Zubin Mehta dirigiert Philharmoniker: Klangkraft-Eruptionen bis zur Schmerzgrenze

Der indische Dirigent Zubin Mehta und die Berliner Philharmoniker spielen Anton Bruckners achte Sinfonie.

Jedes Konzert mit Anton Bruckners achter Sinfonie ist ein überwältigendes Erlebnis: 87 Minuten Aufführungsdauer, maximale Orchesterbesetzung, Klangkraft-Eruptionen bis zur Schmerzgrenze. Wie ein riesiger, schwalbenschwänziger Vogelschwarm wirken die Berliner Philharmoniker am Mittwoch, einschüchternd in ihrer massiven, kollektiven Bewegung. Allein die Flugrichtung will sich zunächst nicht recht erschließen.

Der 83-jährige Zubin Mehta lässt mit altmeisterlich reduzierter Gestik eine Musik entstehen, die in Sachen Lautstärke deutlich ausdifferenziert ist, aber nicht anzeigt, ob er interpretatorisch eher zum Gotteslob tendiert oder zum Weltschmerz, zur Naturfeier oder gar zur Vorahnung der Apokalypse. Das alles nämlich steckt in diesem Opus magnum.

Mehta jedoch wählt keine der Optionen. Er lässt die ihm hingebungsvoll zuspielenden Philharmoniker scheinbar ziellos umherstreifen, verweigert sich emotionaler Eindeutigkeit, ja mag noch nicht einmal die elektrisierenden Energien freilassen, die im Scherzo stecken.

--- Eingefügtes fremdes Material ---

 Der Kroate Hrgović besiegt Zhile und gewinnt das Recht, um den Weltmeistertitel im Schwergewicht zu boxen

Erst in der weiten Ebene des dritten, des langsamen Satzes wird klar, worauf der Maestro hinaus will, wenn er mit weitem Atem und gedehntem Zeitgefühl eine Faszination des Flächigen entwickelt.

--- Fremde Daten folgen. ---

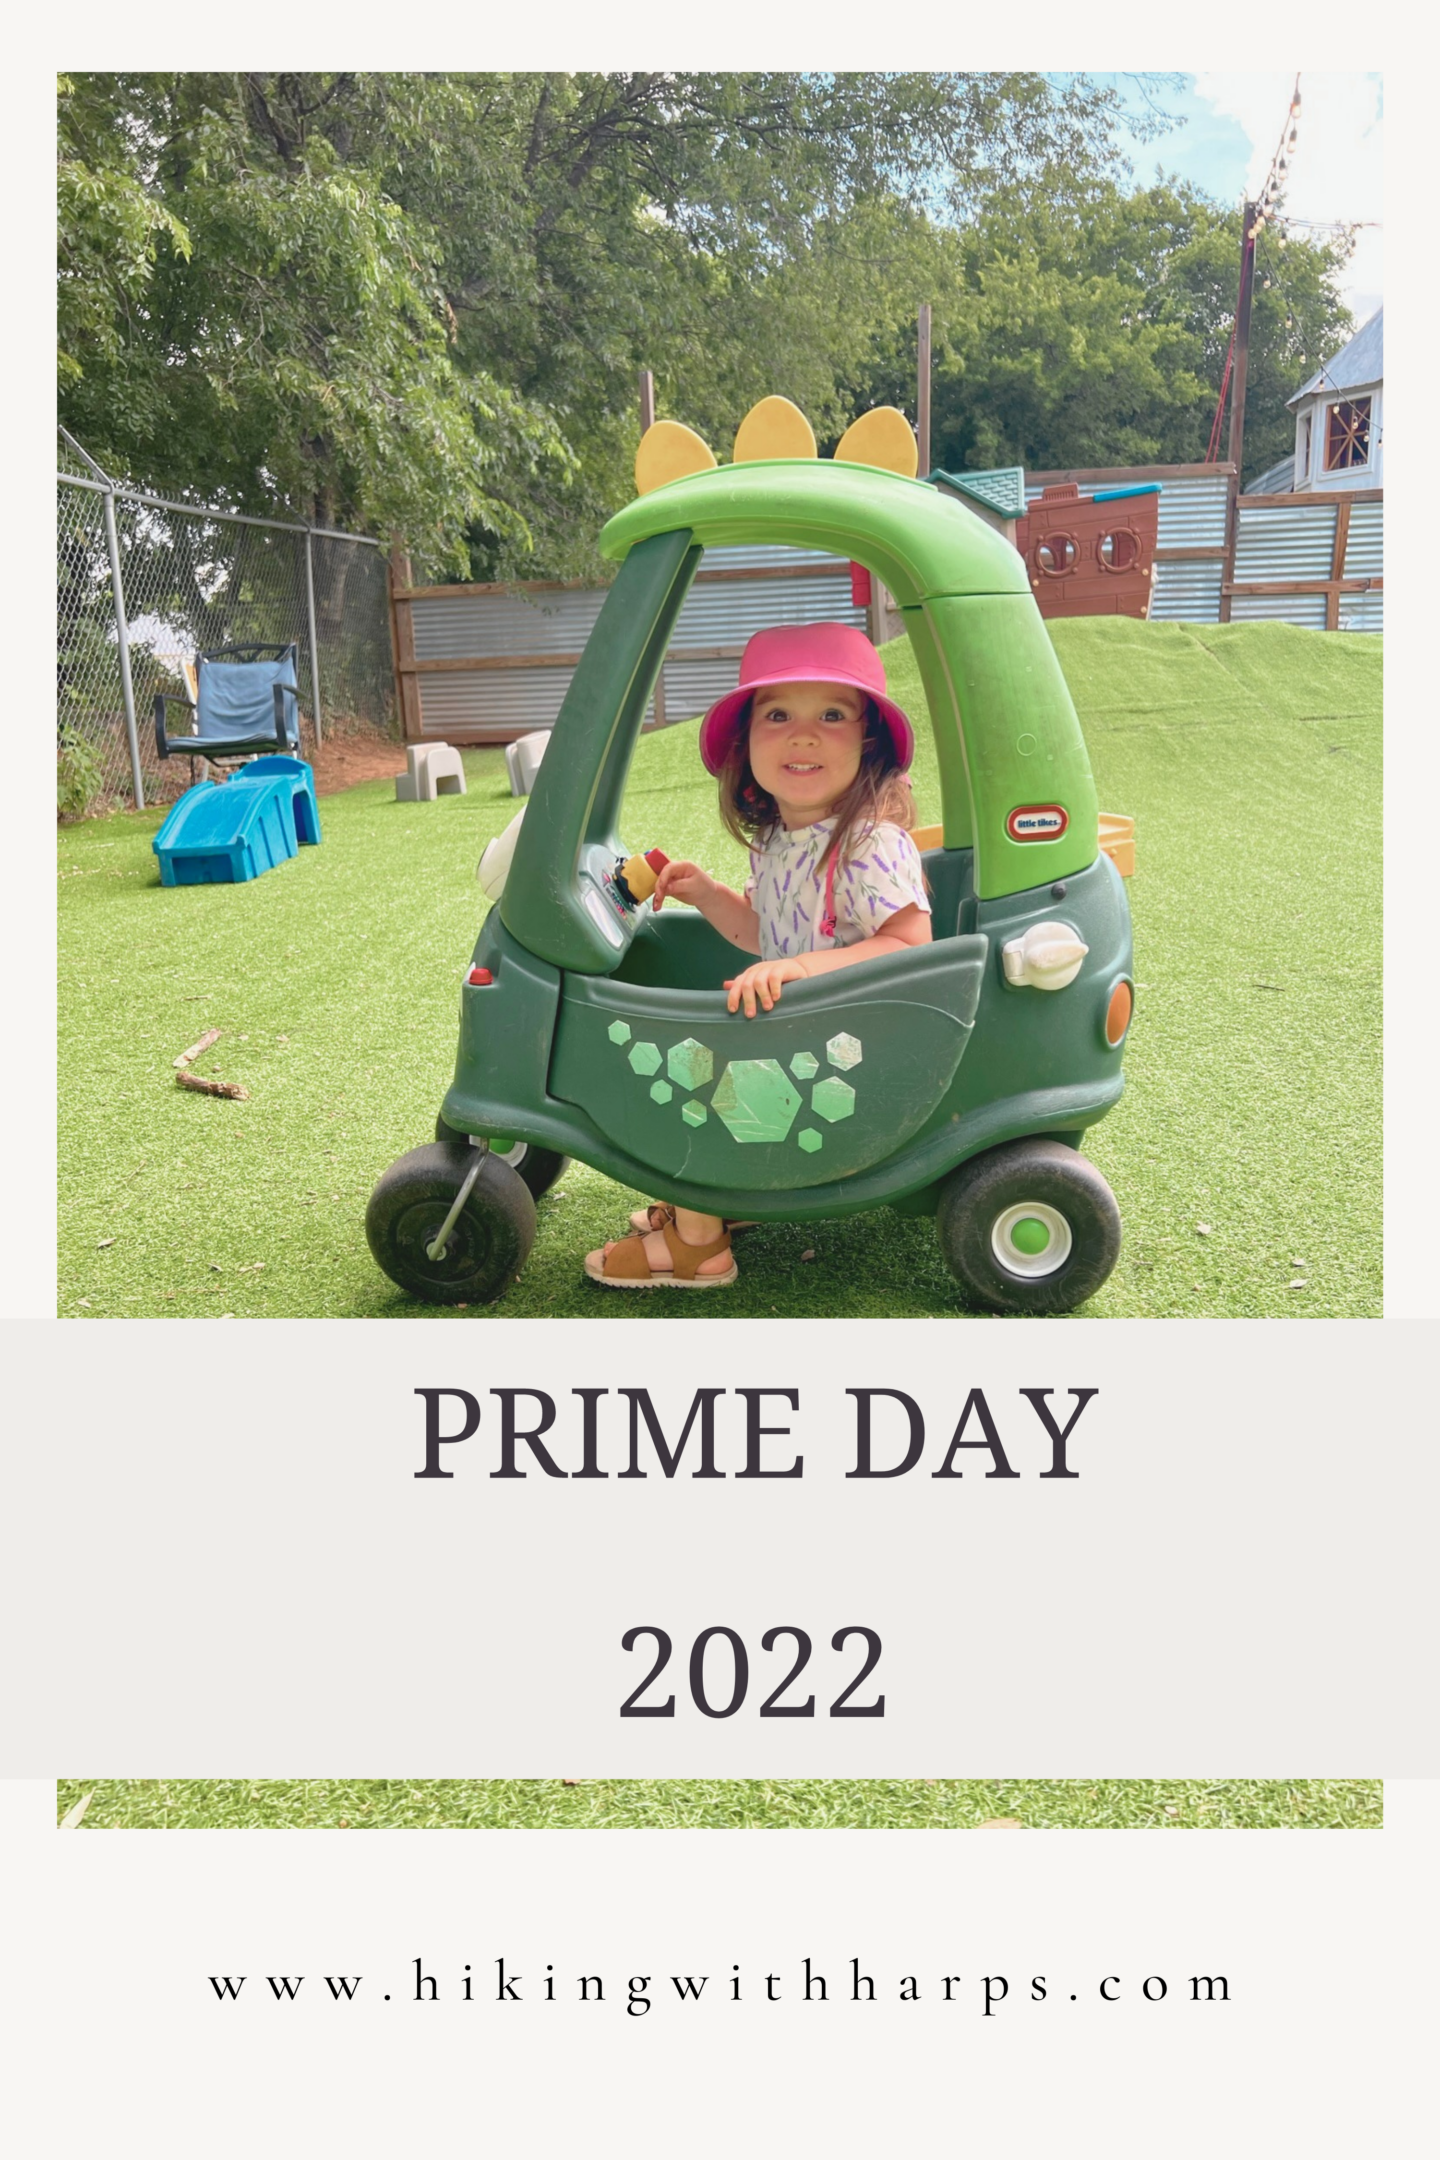 Prime Day 2022

Mehtas Ziel an diesem Abend ist offenbar ein objektives Musizieren. Da lebt, liebt, leidet kein Individuum, da geht es nicht um den Menschen Anton B. Da gibt es nur die tönend bewegte Form, die pure Partitur. Was zweifellos ein legitimer Ansatz ist. Natürlich muss nicht jedes Werk aus dem Seelenleben seines Schöpfers heraus gedeutet werden – es ist halt nur sehr viel spannender.